The author, Timo R. Worst, reconstructed Knittel’s personal life, his military career in the Waffen-SS and both his personal involvement in the grim story of that horrendous week in the Ardennes and the role the men under his command played in the murder of over a hundred civilians and unarmed prisoners of war.
Not content with the published works about the beastly behaviour of the SS in Stavelot and the surrounding hamlets, he felt compelled to visit the Ardennes himself, to search the archives and ultimately to contact veterans of Knittel’s battalion and to consult his family.
By providing the available pieces of the puzzle, Worst allows the reader to follow Knittel’s footsteps: his entry in the SS, the units he led traversing Europe from France and Greece to Italy, Ukraine and Belgium, the men under his command, the battles he fought and awards he won, but also his doubts about the outcome of the war and how this effected his state of mind, the massacres, his arrest, the trial and his post-war life.
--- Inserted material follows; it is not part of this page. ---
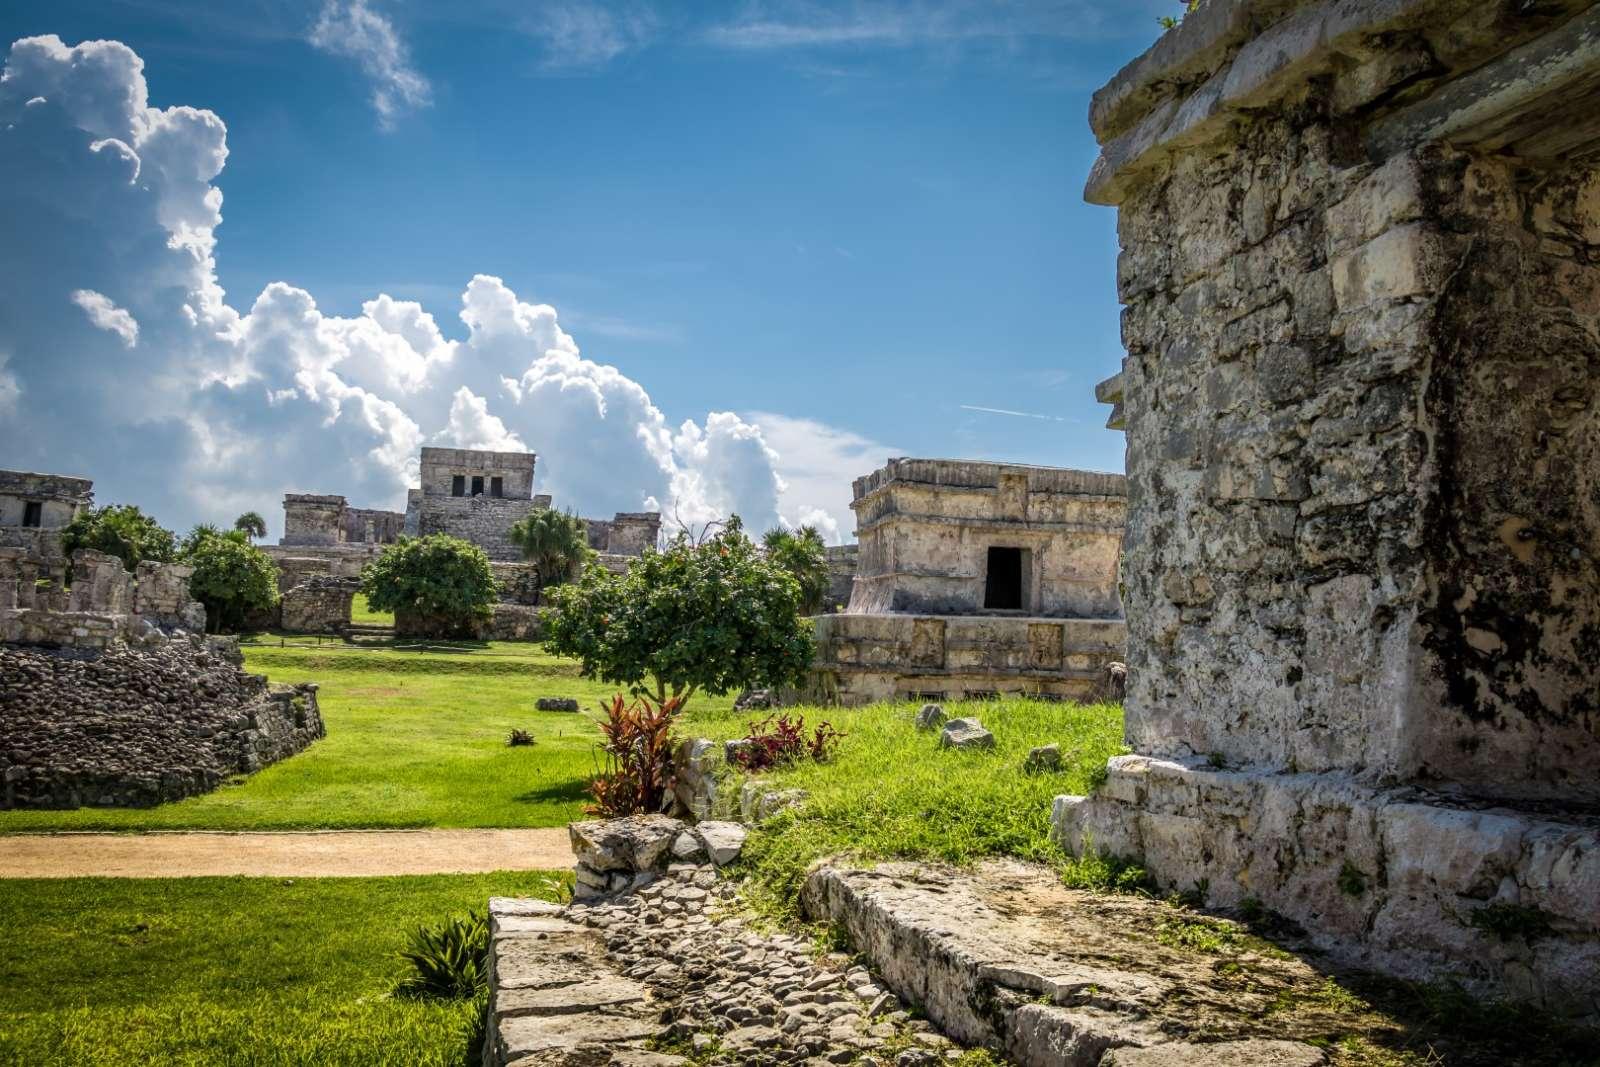 Ruinsof Tulum, Mexico

The resulting book enables the reader to see through the multiple smoke screens created not only by Knittel, his defence lawyers and his wartime comrades, but also by his captors, his interrogators and the prosecution, all who knowingly fudged, were evasive or downright lied about the facts in order to ensure the success of their own personal motives and political.
Table of content
1.1 Childhood and school years
1.2 The Allgemeine SS
1.3 SS-Standarte ‘Deutschland’
1.4 Officer course at the SS-Junkerschule in Bad Tölz
1.5 Motorcyclist
2.1 Baptism of fire
2.2 Formation of the Aufklärungsabteilung ‘LSSAH’
2.3 Operation ‘Marita’
2.4 The invasion of the Soviet-Union
2.5 Formation of the 3. (le. SPW) Kompanie
2.6 Turning the tide at Kharkiv
2.7 The ‘Schrippenbäcker von Ulm’ becomes battalion commander
2.8 Operation ‘Citadel’
2.9 Disarming the Italians and guarding their ‘Duce’
3.1 The Soviet Juggernaut
3.2 “You want to call yourself Leibstandarte?”
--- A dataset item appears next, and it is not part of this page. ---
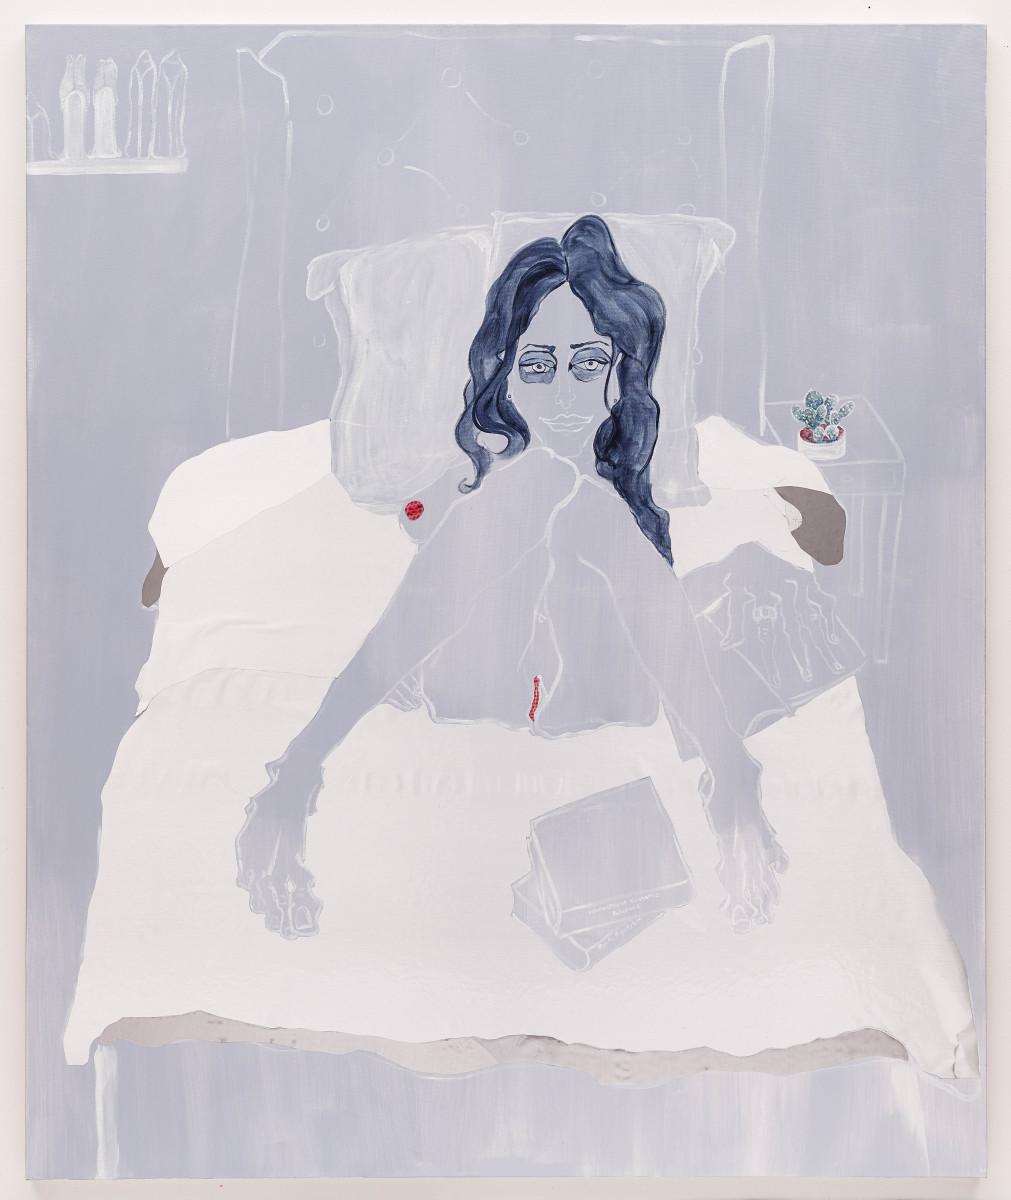 Sarah by Mel Reese

3.3 The German Cross in Gold and the Knight’s Cross of the Iron Cross
3.4 The long road to marriage
3.5 Rebuilding the Aufklärungsabteilung in Belgium
3.6 Invasion!
3.7 Operation ‘Lüttich’
3.8 Hell in the Falaise Pocket
3.9 Doubts about the Final Victory
4.1 The horrible week in the Ardennes begins
4.2 The massacre in Wéreth
4.3 “They’ve killed a good few at the crossroads”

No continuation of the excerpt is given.